Эстер привезла девочкам подарки. Да это Тиффани, как мне кажется. Для Шарли брошь, которую она будет хранить с остальными своими сокровищами, а для Нэтти золотые часики, которые она заложит, как только взгляд ее упадет на вывеску ломбарда. Они разговаривают, будто меня здесь нет. Эстер рассказывает им о своем отеле, о своей художественной галерее, своих магазинах, о своей собственности, об одних делах, других делах. Хорошенькая головка Нэтти потяжелела от героина — это заметно, — но Шарли продолжает кивать и ухитряется задавать вопросы и болтать со своей теткой-мумией. Со своей размалеванной теткой.

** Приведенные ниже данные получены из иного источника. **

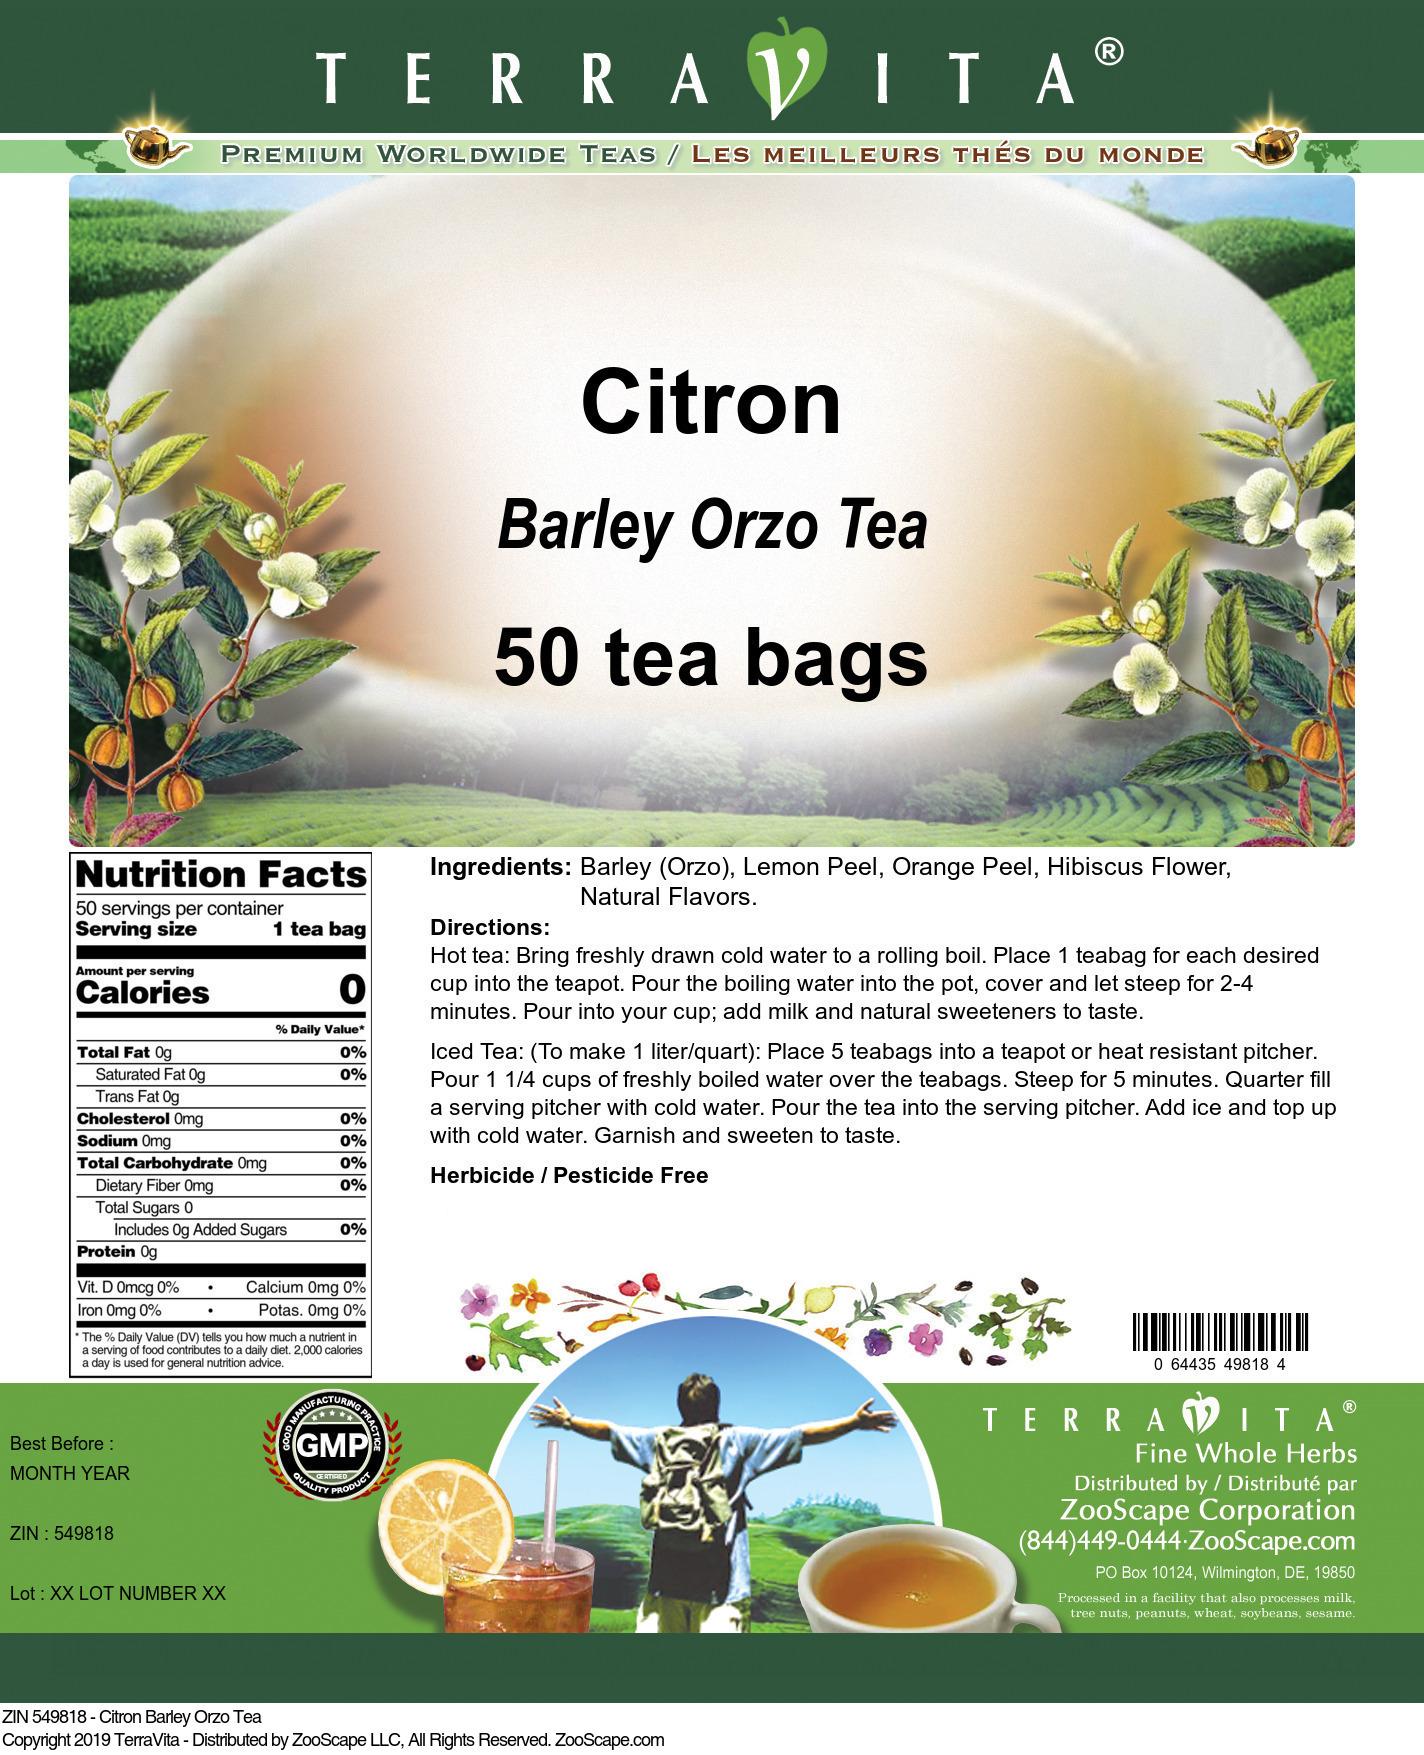 Citron Barley Orzo Tea

Я надеялась, что вид Эстер пробудит во мне поток воспоминаний. Я хотела — бог знает почему — снова окунуться в детство. Хотела вызвать в памяти заросли сассапарили, кукол-голышей, бейсбол, джиттербаг, креплах, пятицентовики и кабриолет на четверых с дурацкой бахромой наверху. Я хотела, чтобы мы припомнили, в какой последовательности сменялись дома и квартиры, где мы росли, всех друзей, которые когда — либо у нас были, и все их выходки. Я хотела вернуться в то время, когда мы с Эстер любили друг друга больше всего на свете, а боялись только своих бедных, грустных, перепуганных родителей. Я хотела перелистать страницы школьного альбома вместе с Эстер (Выпуск 1935 года — «Профессиональный нюх — вот чем гордится мир»), вернуться в счастливые времена. Сейчас, когда я смотрю на нее, мне вспоминаются только «Мощи» Донна, но, несмотря на то, что дорогие часы едва держатся на ее запястье скелета, она собирается жить, тогда как я определенно собираюсь умереть.